GIVEN MATERIAL
========================

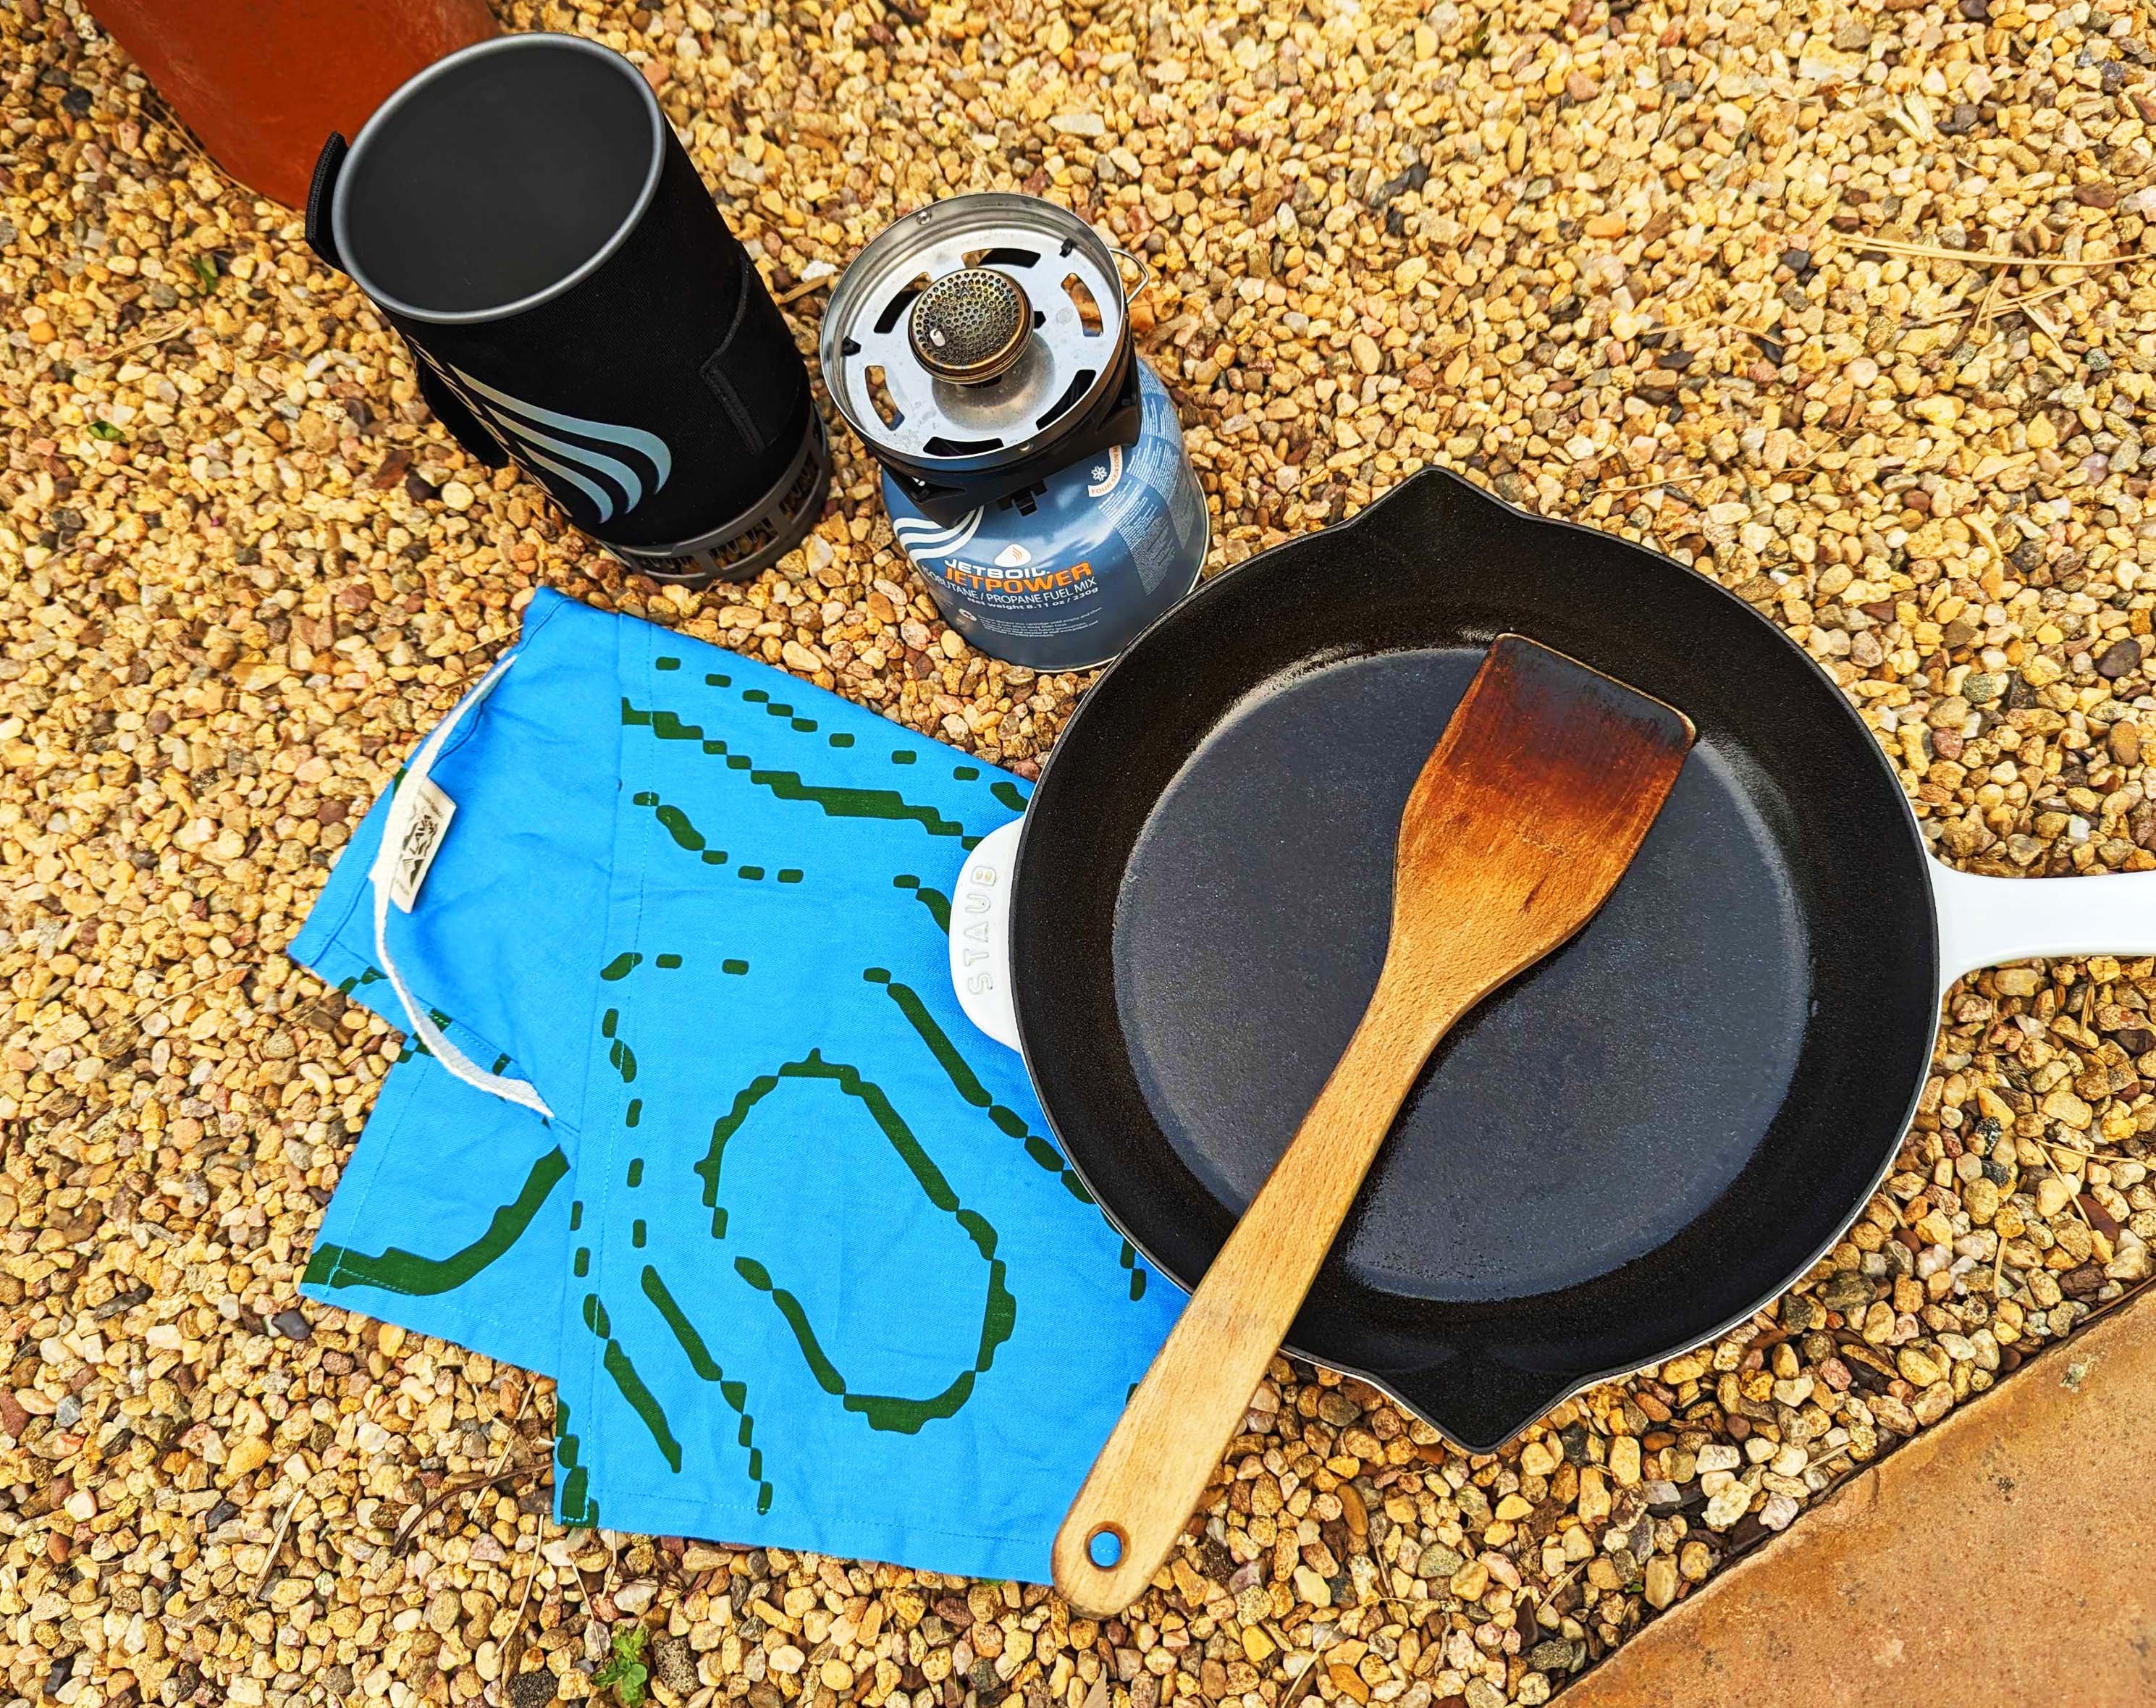 camp cooking gear
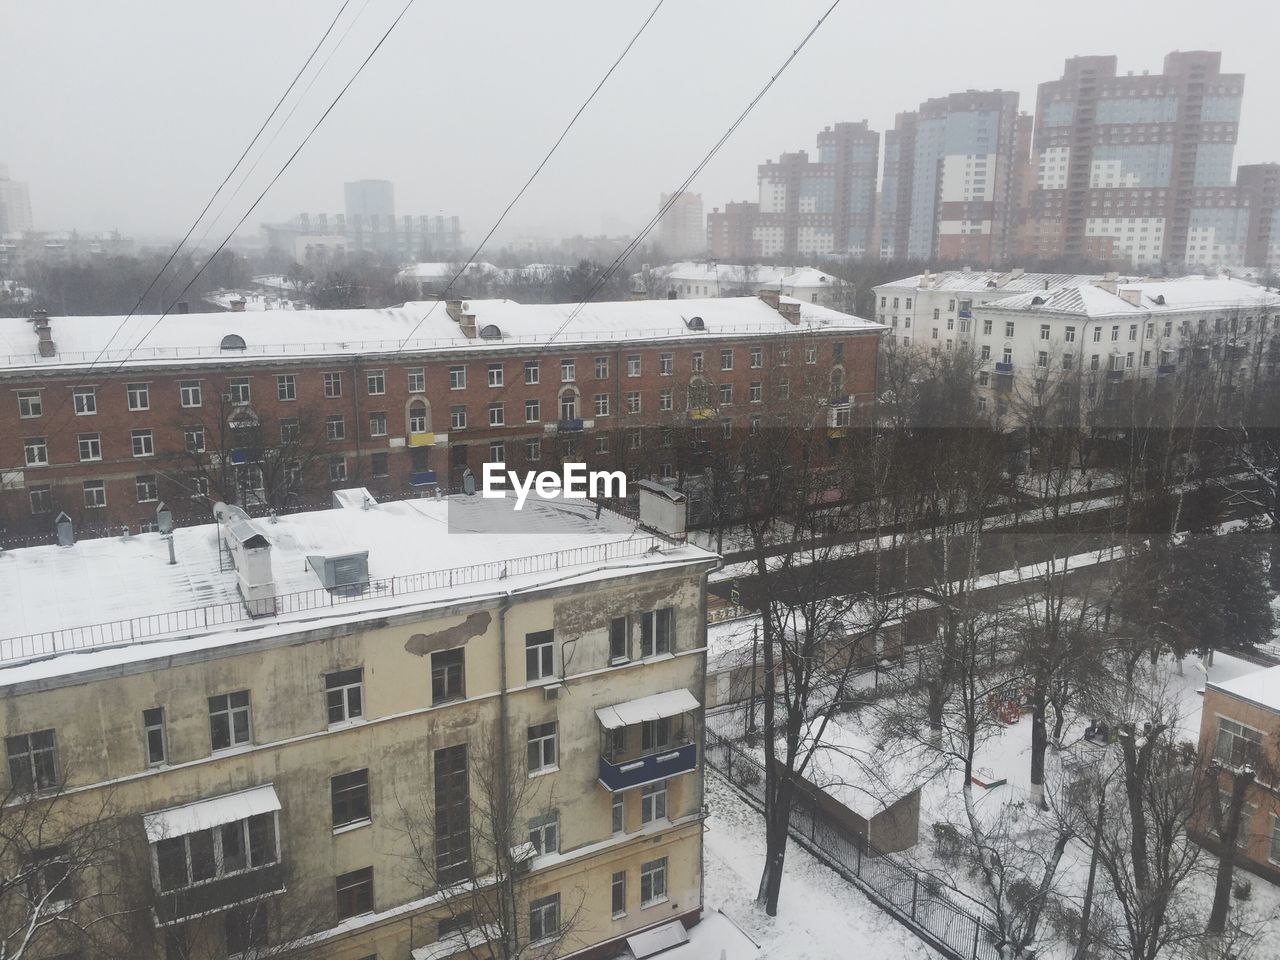 VIEW OF RESIDENTIAL DISTRICT IN WINTER
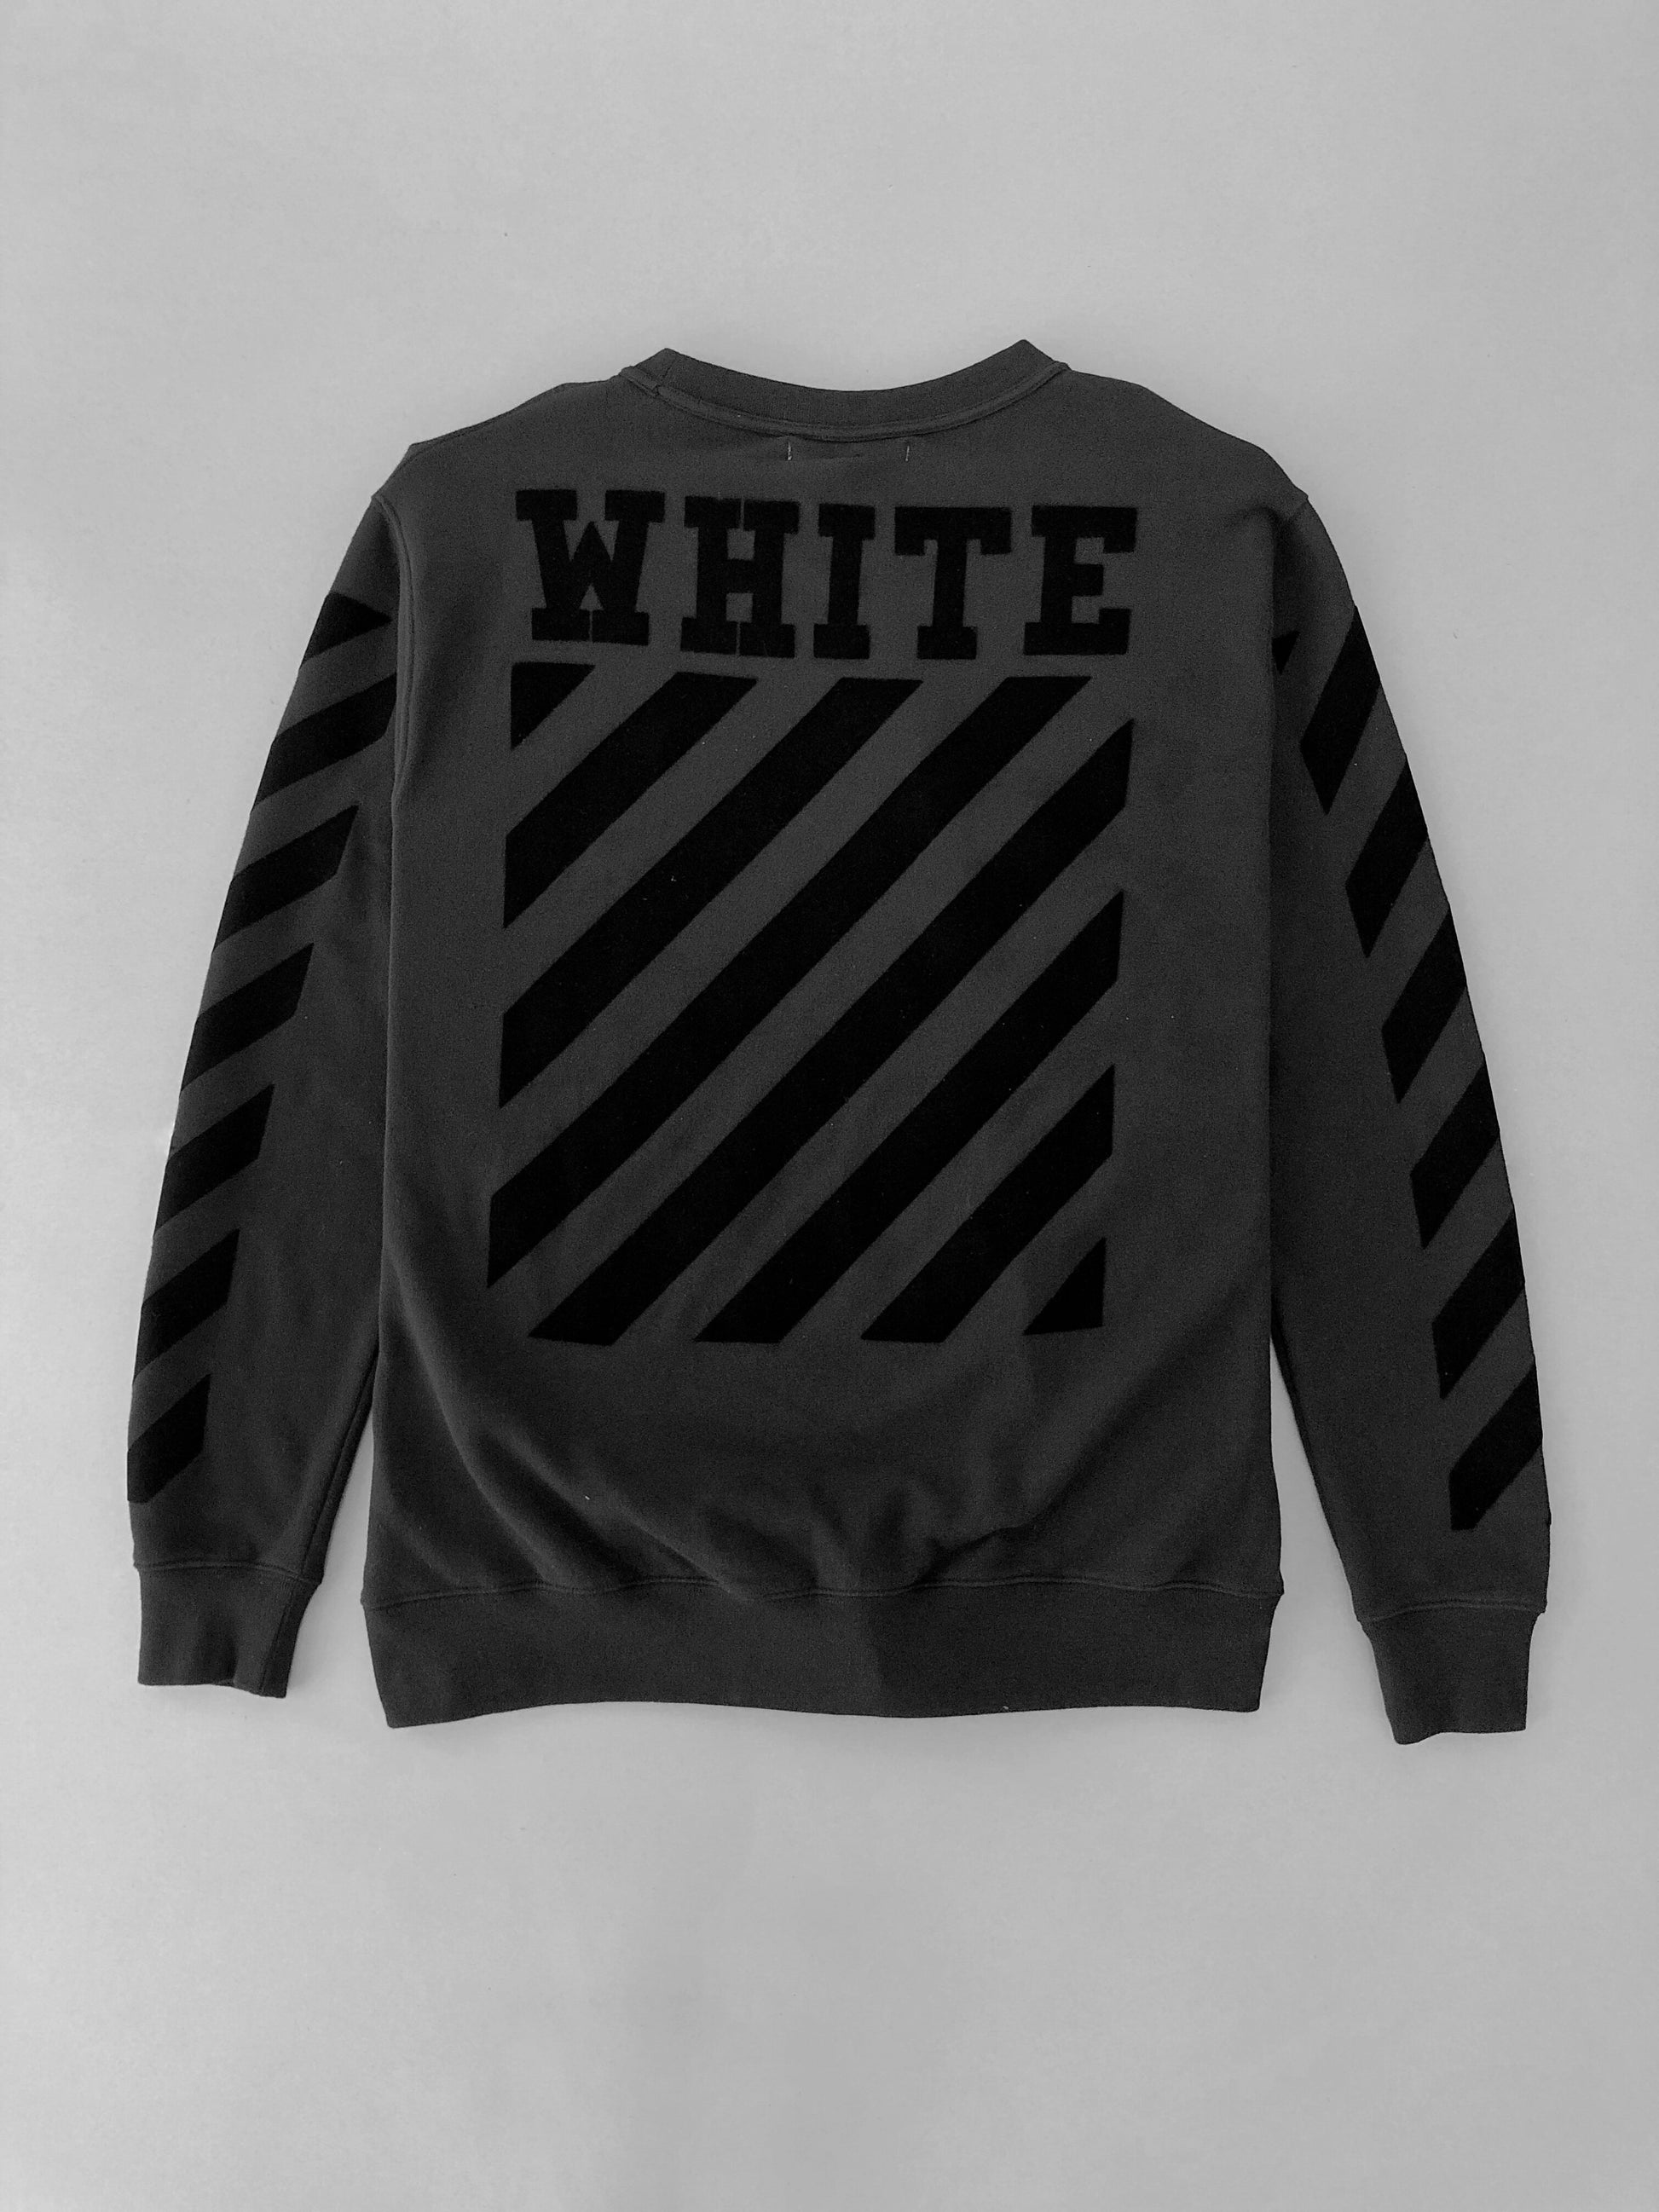 Off White Tone on Tone Crewneck SS18 Collection

========================

ASSIGNMENT
Leave the images aside and retype each line of the listing above exactly.

RESPONSE TO THIS EXERCISE
 camp cooking gear
 VIEW OF RESIDENTIAL DISTRICT IN WINTER
 Off White Tone on Tone Crewneck SS18 Collection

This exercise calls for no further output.